* _Task directions_: Please output every line of the material as it stands, without the pictures.

* _Source material_:
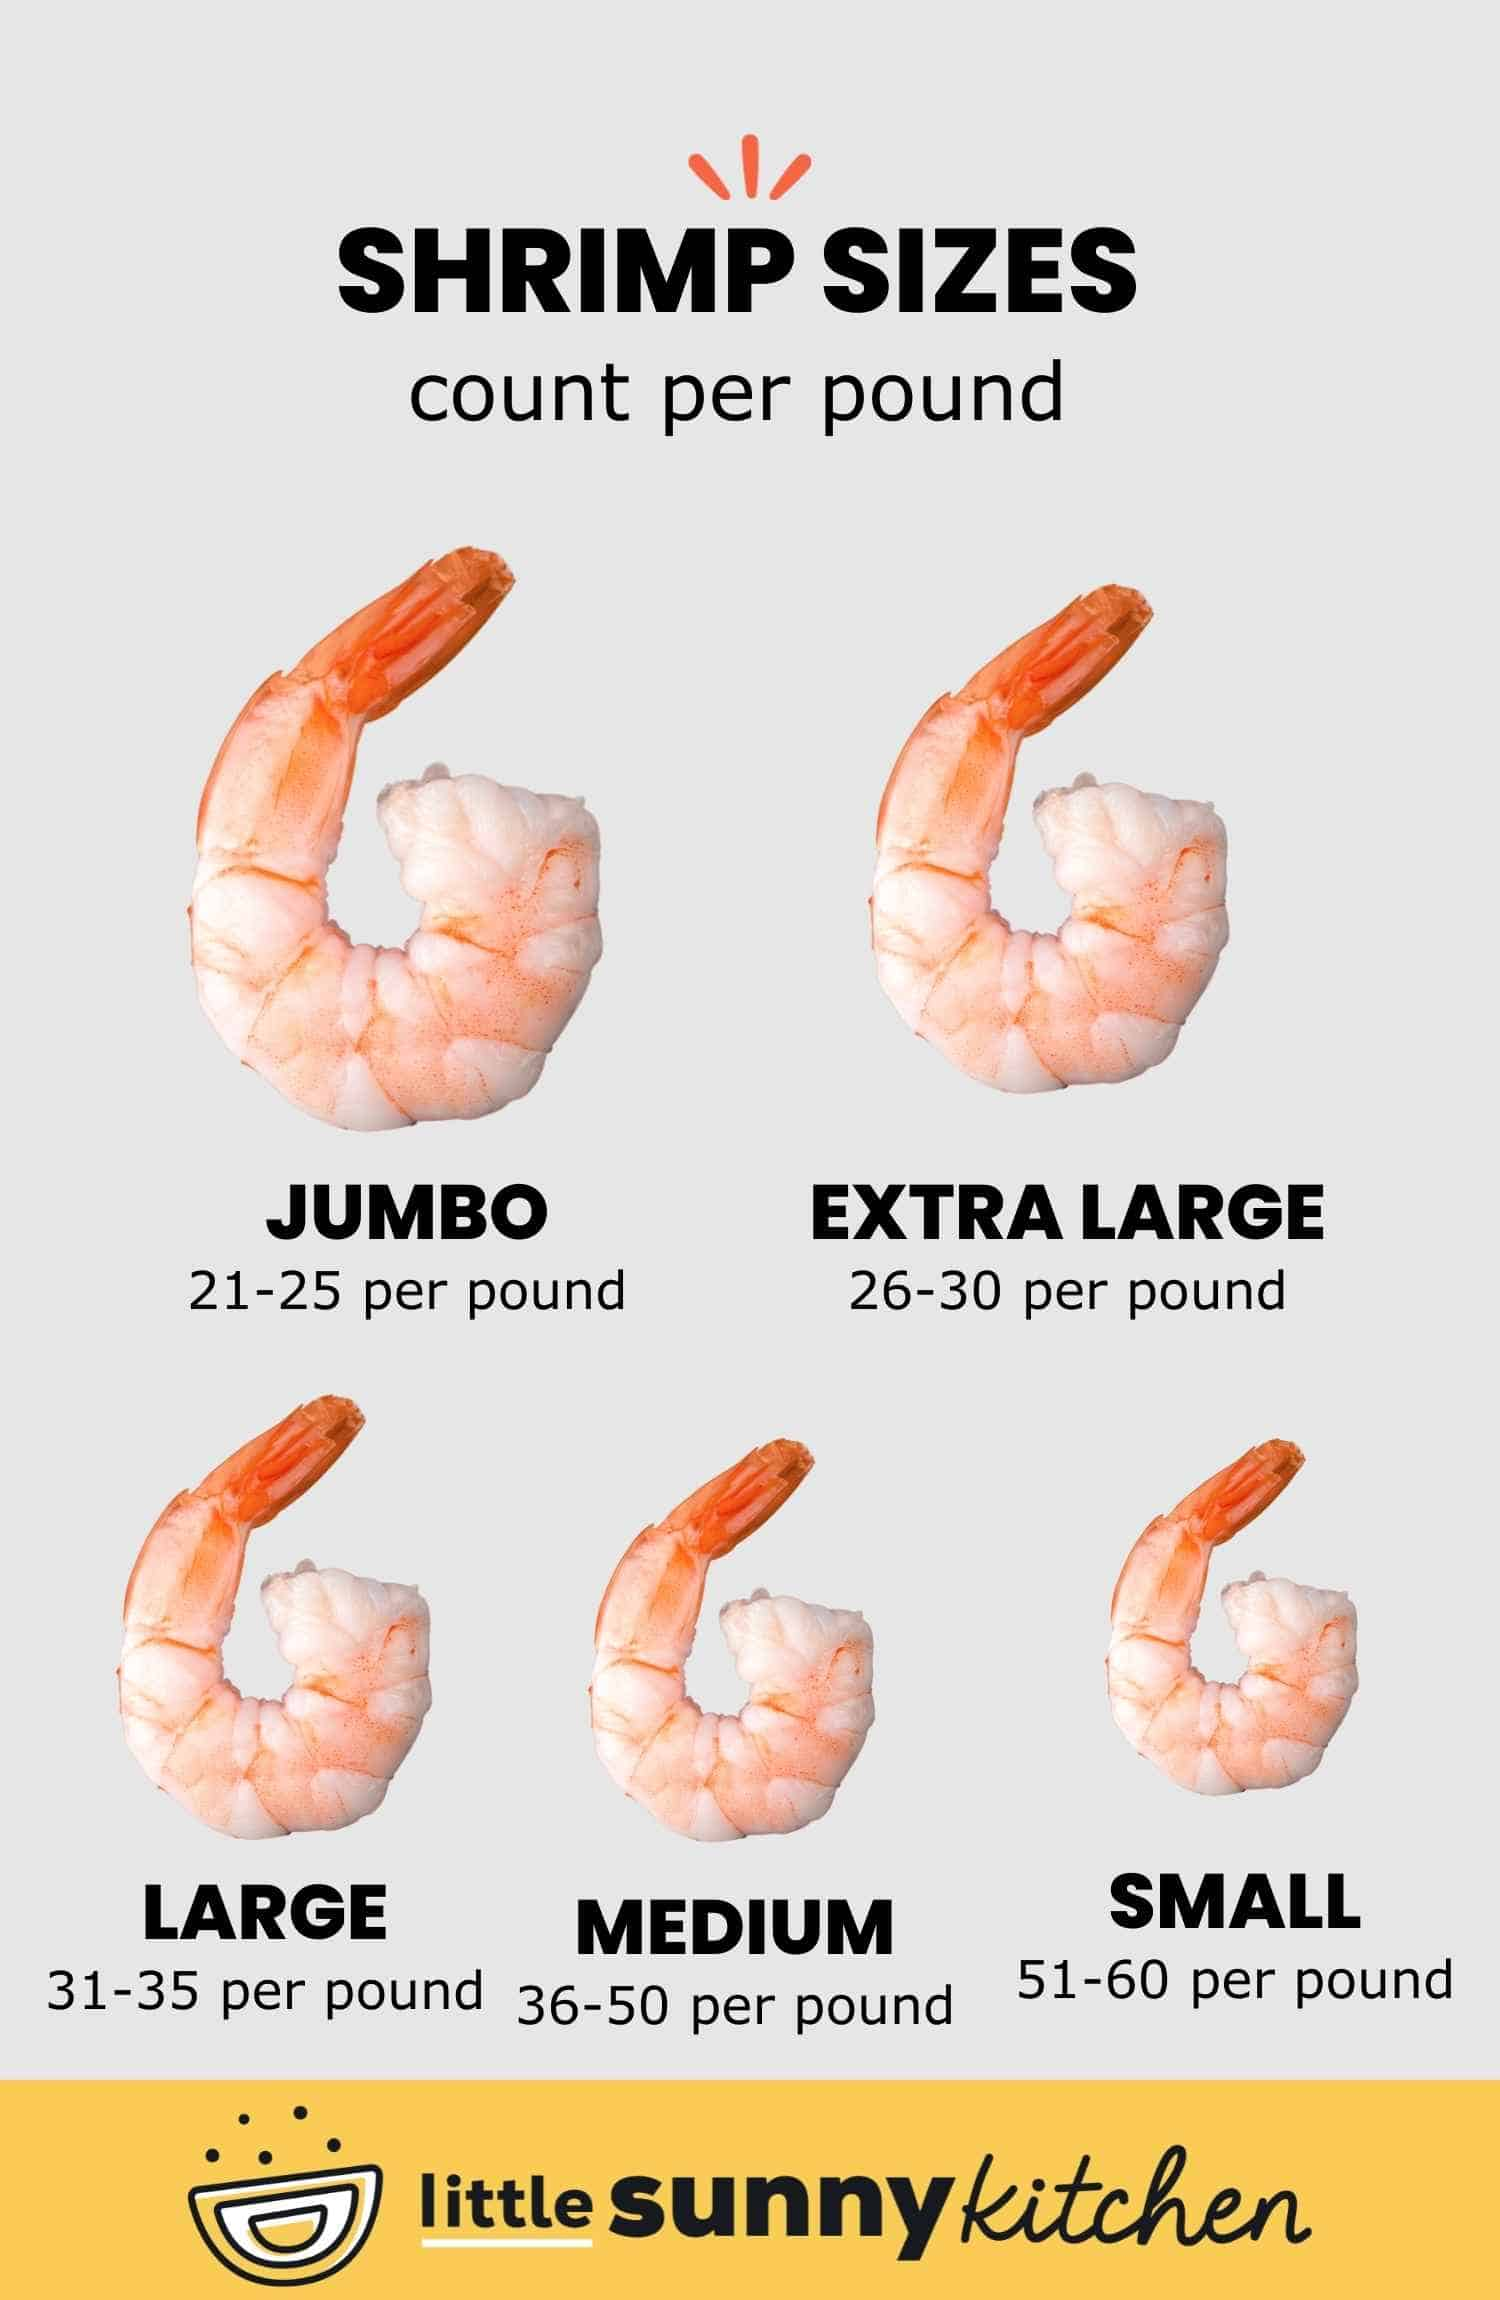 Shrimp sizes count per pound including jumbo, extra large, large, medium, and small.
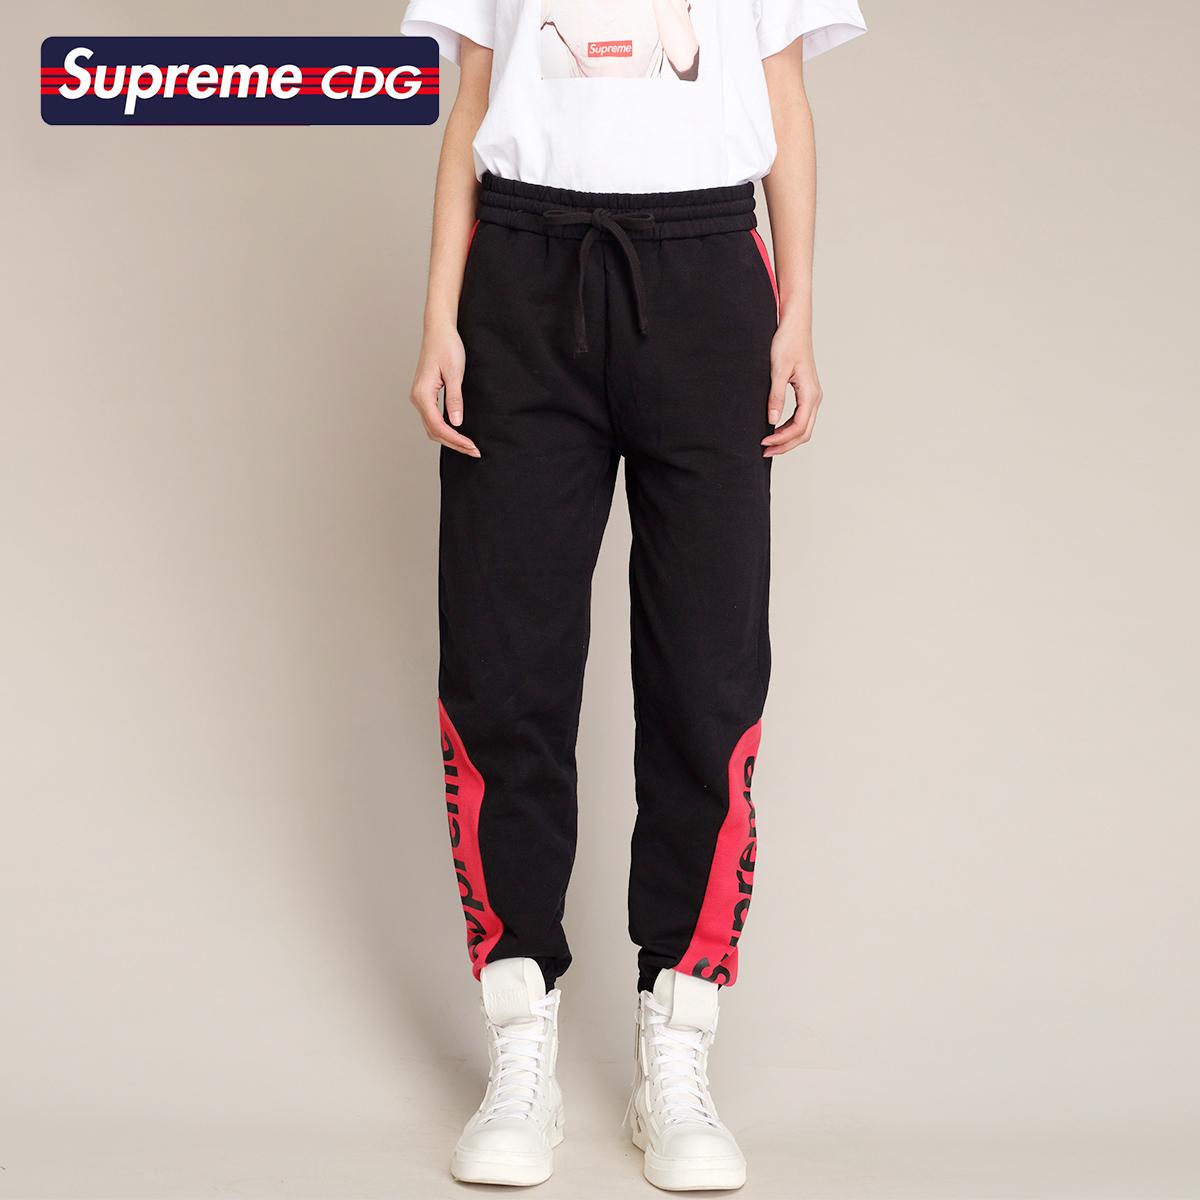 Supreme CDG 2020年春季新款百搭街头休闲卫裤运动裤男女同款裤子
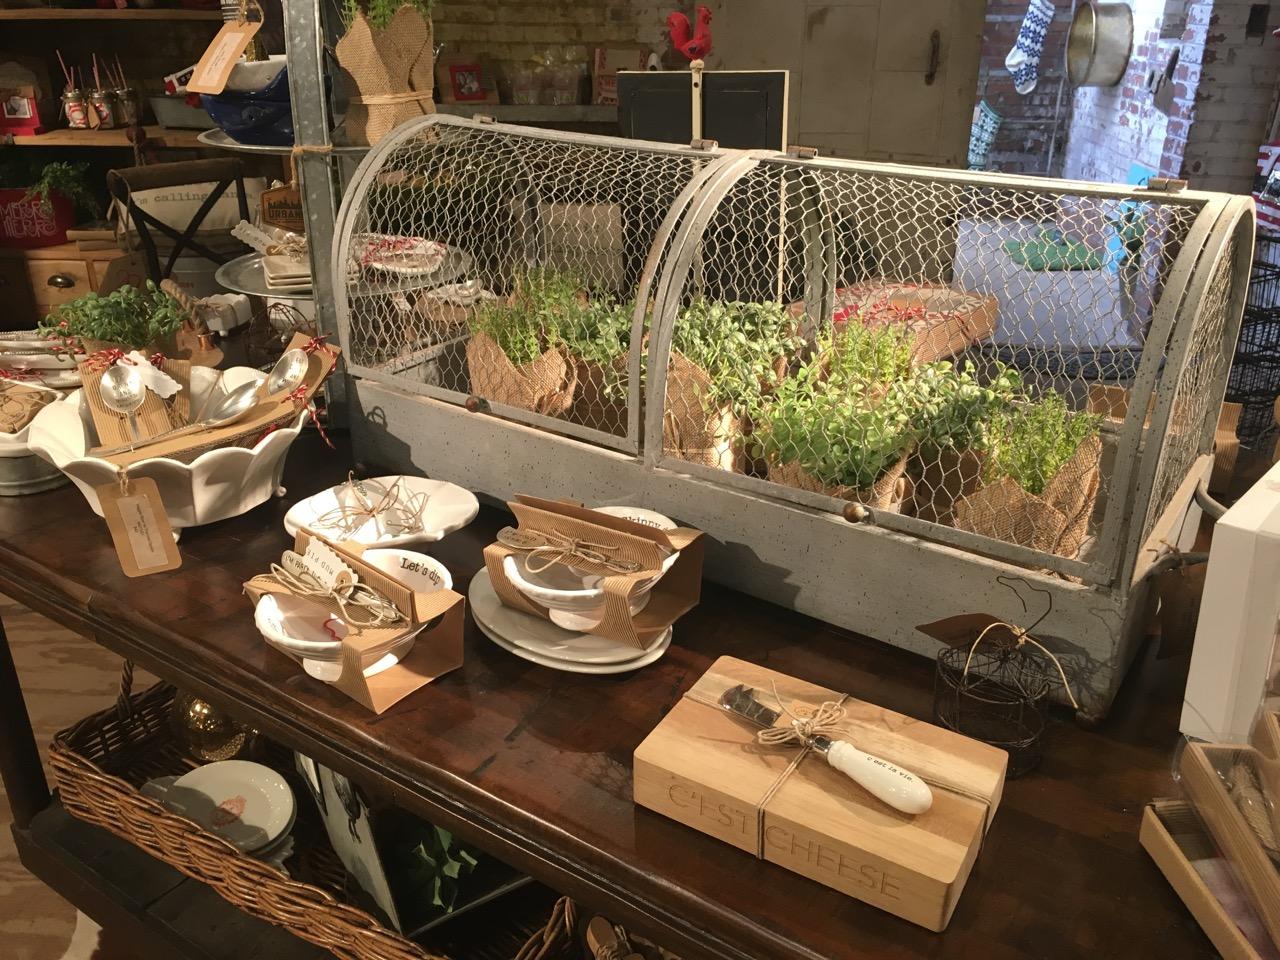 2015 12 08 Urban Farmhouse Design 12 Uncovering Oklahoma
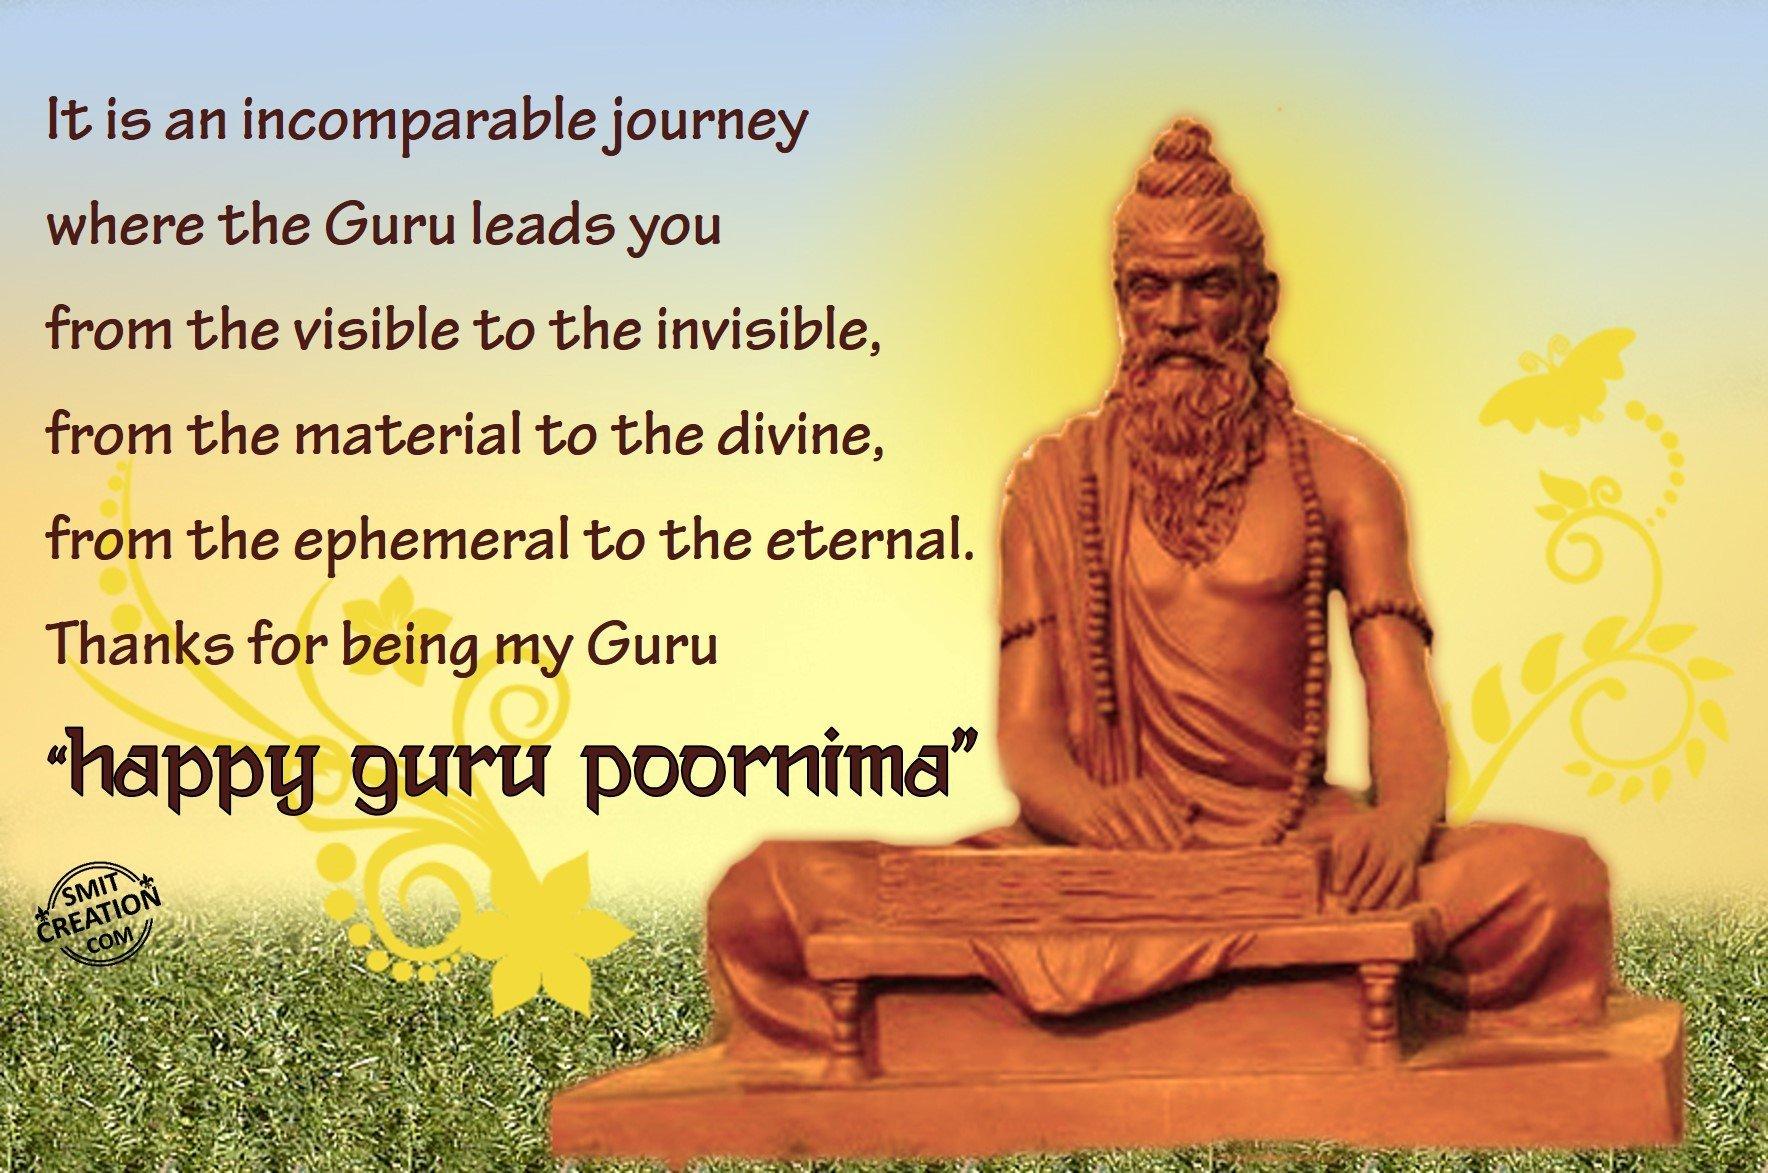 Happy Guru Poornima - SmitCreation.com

* _Written response_:
 Shrimp sizes count per pound including jumbo, extra large, large, medium, and small.
 Supreme CDG 2020年春季新款百搭街头休闲卫裤运动裤男女同款裤子
 2015 12 08 Urban Farmhouse Design 12 Uncovering Oklahoma
 Happy Guru Poornima - SmitCreation.com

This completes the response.